Let's start with displacement ($\delta$) of 0.5, so
$$
u_x(1,y) = 0.5.
$$

<b>Note: Solving this problem for displacement ($\delta$) of 0.5 in FEM requires us to break down displacement in smaller chunks. For example, we would first solve for the displacement field for $\delta=0.1$ then using that displacement field as baseline, we would further solve it for $\delta=0.1$ and so on...(until we reach $\delta=0.5$).

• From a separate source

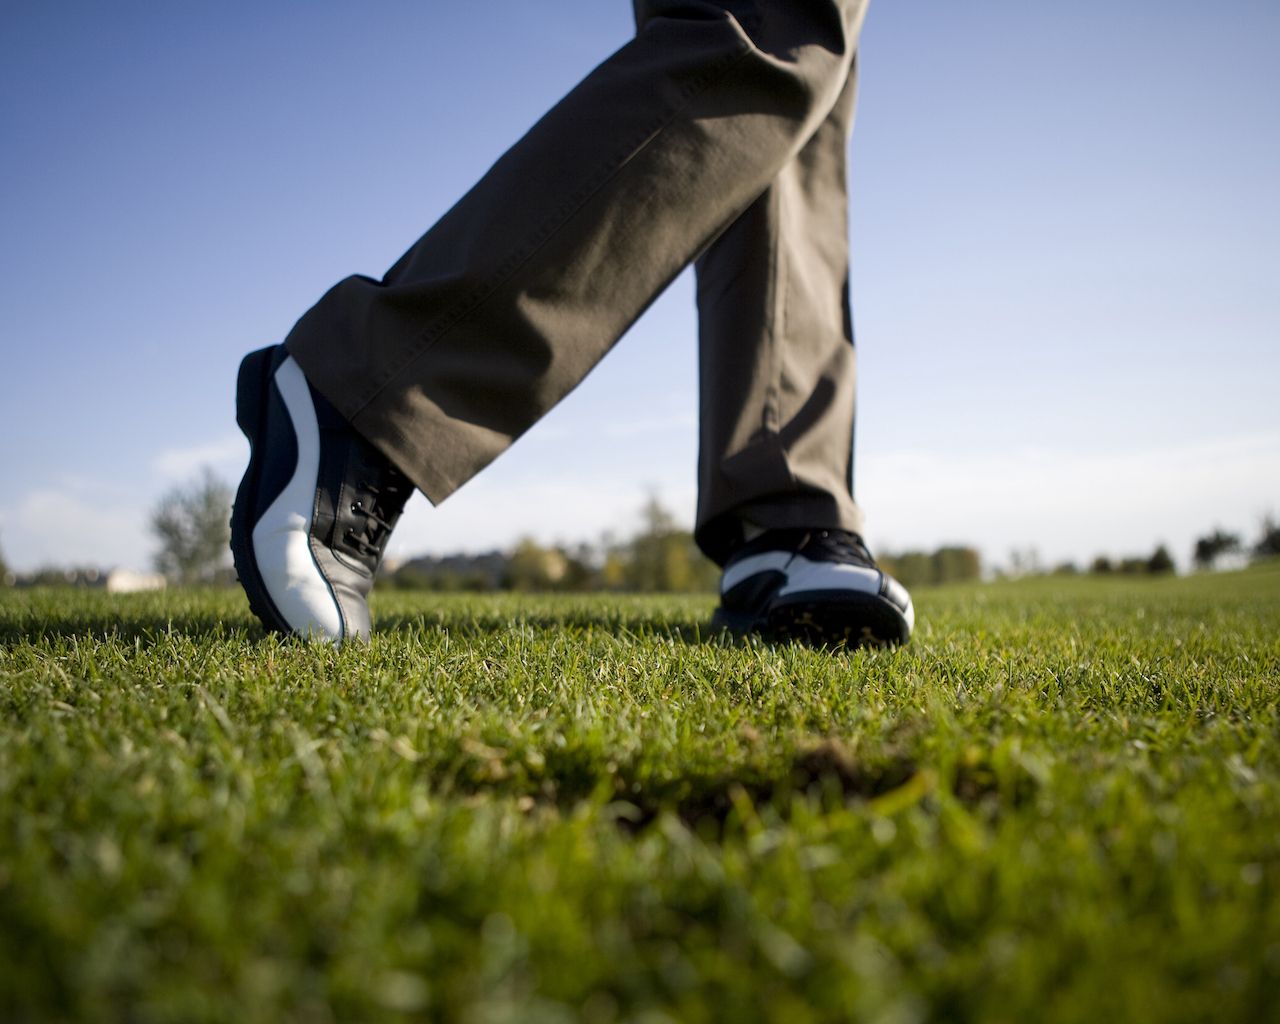 Golfer's feet during swing

In general, FEM solver fails when we try solving for the displacement ($\delta$) of 0.5 at once.</b> 

In [None]:
# Boundary condition (delta) on the right edge
right_edge_displacement = 0.5 # try 0.05
# Scale down the network output to ensure we get +ve determinant of the Jacobian.
# We have to scale the output so that as the training begins we don't initialize a displacement 
# which has no physical meaning. 
# For example, the determinant of the Jacobian cannot be negative 
# since that would mean negative volume; which has no physical meaning. 
scale_network_out = 5 

### Part A: Simple Fully Connected Neural Network

Let's begin with a simplest case where we have simple fully connected neural networks for both the horizontal displacement $u_x$ and the vertical displacement $u_y$.

##### Define Model

In [None]:
# here is the network for the u_x
simple_net1 = nn.Sequential(nn.Linear(2,50), 
                     nn.Sigmoid(), 
                     nn.Linear(50,50), 
                     nn.Sigmoid(),
                     nn.Linear(50,50), 
                     nn.Sigmoid(),
                     nn.Linear(50,50), 
                     nn.Sigmoid(),
                     nn.Linear(50,50), 
                     nn.Sigmoid(),
                     nn.Linear(50,50), 
                     nn.Sigmoid(),
                     nn.Linear(50,50), 
                     nn.Sigmoid(),
                     nn.Linear(50,1)
                    )

# here is the network for the u_y
simple_net2 = nn.Sequential(nn.Linear(2,50), 
                     nn.Sigmoid(), 
                     nn.Linear(50,50), 
                     nn.Sigmoid(),
                     nn.Linear(50,50), 
                     nn.Sigmoid(),
                     nn.Linear(50,50), 
                     nn.Sigmoid(),
                     nn.Linear(50,50), 
                     nn.Sigmoid(),
                     nn.Linear(50,50), 
                     nn.Sigmoid(),
                     nn.Linear(50,50), 
                     nn.Sigmoid(),
                     nn.Linear(50,1)
                    )

# here is how we can find the number of layers and number of model parameters in each network
model_capacity(simple_net1)
model_capacity(simple_net2)

Here is just a sanity check that we start from a candidate solution that indeed satisfies the boundary conditions:

In [None]:
plot_displacement(simple_net1, simple_net2,
                  right_edge_displacement, scale_network_out)

##### Train Model

Let's train the network for 5000 iterations and batch size of 10. Training should take around 6-8 minutes.

In [None]:
loss_list_simple_net, simple_net1, simple_net2 = train_MultiFieldFracture_seperate_net(net1=simple_net1, net2=simple_net2, 
                                                                      right_edge_displacement = right_edge_displacement, 
                                                                      batch_size_X = 10, 
                                                                      max_iter = 5000, 
                                                                      print_results_every = 100, scale_network_out=scale_network_out)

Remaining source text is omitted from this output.